As the name implied, the Coal and Steel operators as their own specialized law enforcement agency used the Coal and Iron Police. Prior to 1905, law enforcement in Pennsylvania rested with the counties and the elected sheriff was the primary law enforcement officer. The case was made by the coal and iron operators for additional protection of their property and in 1865 the Pennsylvania State legislature authorized the establishment of the Coal and Iron Police. Beginning in 1866 their use became common. This police force was supposedly to protect property, however in practice the companies used them as strikebreakers. The coal miners called them "Cossacks" and "Yellow Dogs."   According to Margaret Mulrooney, Colver residents called them "Pussyfoots" and "Gestapo".

However from what we can gather, neither Paul nor "Big John" was ostracized by the community. Antecedents abound where the teen-age boys would slip up and smack their horses or ring the bell on the fire department tower on Halloween. Paul in particular was rather large and the boys nicknamed him "Fatty Arbuckle" after a movie comedian of the era.

The proper channel for the establishment of the Coal and Iron Police was that the Governor of Pennsylvania authorized the creation of a local agency and they were directly administered from the office of the Governor. These local forces derived their law enforcement powers through the office of the county Sheriff. The operators then created their own local force using the governor's commission and paid them directly. During periods of labor unrest these local Coal and Iron police would be augmented by the hiring of additional policemen, usually from outside the area. In a July 25, 1922 article dealing with Colver, The Johnstown Tribune noted that additional Coal and Iron Police were hired during the strike. In Colver these additional police were furnished by a private security agency (we don't know the agency), but B. Dawson Coleman indicated so. It appears that there was some dissension on the part of the local Coal and Iron police over pay and Coleman was questioned over this. According to the paper his response was that the police came through a private agency and the Coal Company paid the agency and what the agency paid the police was of no concern of his.

In 1905, the lack of state wide law enforcement was remedied by the creation of the Pennsylvania State Police. The stated purpose was to act as fire, forest, game and fish wardens, and to protect the farmers, but some observers felt that it really was to serve the interests of the Coal and Iron operators. The same legislation created a "trespassing offense" that wherever a warning sign was displayed; a person could be arrested and fined ten dollars. This was seen as a direct assault on picketing.

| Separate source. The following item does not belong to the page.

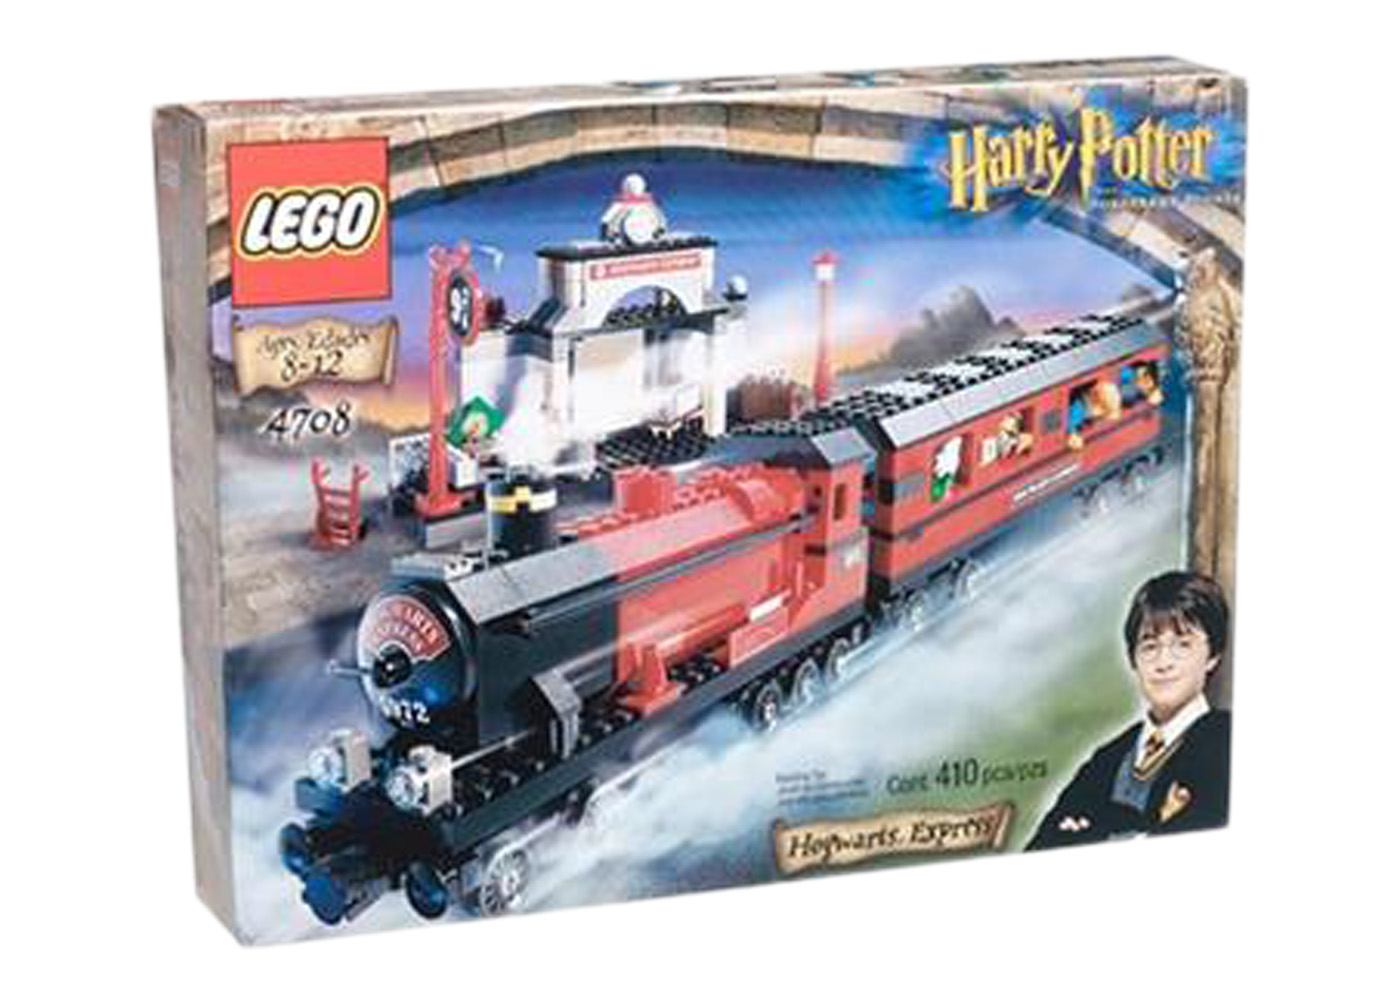 LEGO Harry Potter Hogwarts Express Set 4708 - US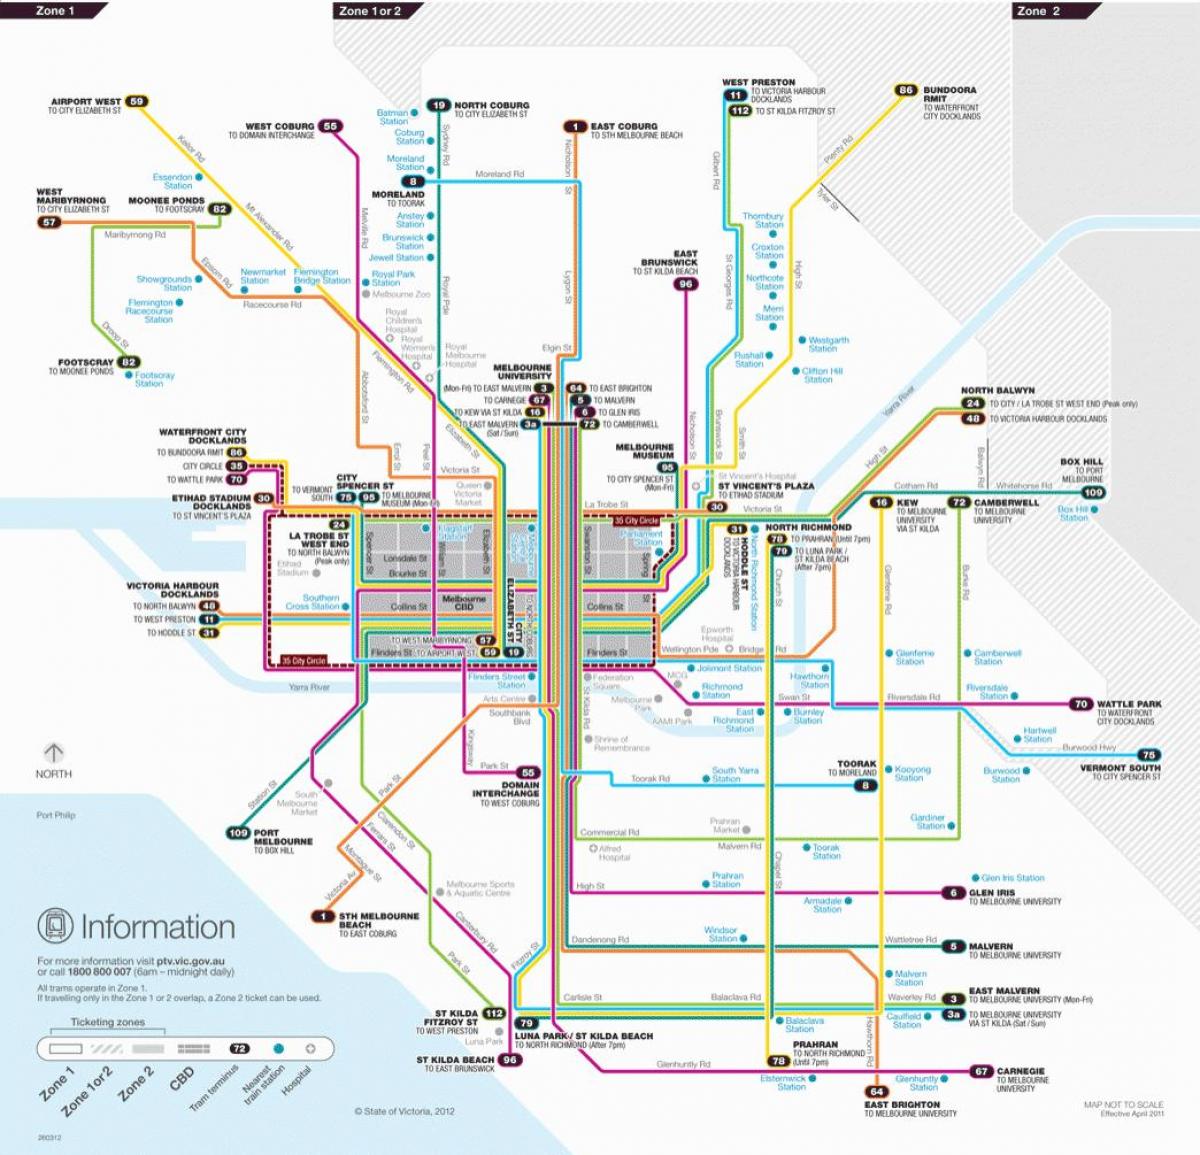 Melbourne tramvaj put mapu

In 1931, the then Governor Pinchot revoked all outstanding commissions for private police forces and refused to issue new ones which effectively ended the industrial police system in Pennsylvania. We can only surmise the reason for the revocation, but it could have been as a direct result of the excesses of these police forces. Another explanation is that Governor Pinchot was a three-time governor, but his terms were not consecutive. He was defeated in his 1926 campaign support of the coal and steel operators and the resulting revocation may have some elements of a political payback. A third reason could have been that given the ascendancy of the labor movement in the 1930's it was a political gesture to the labor movement.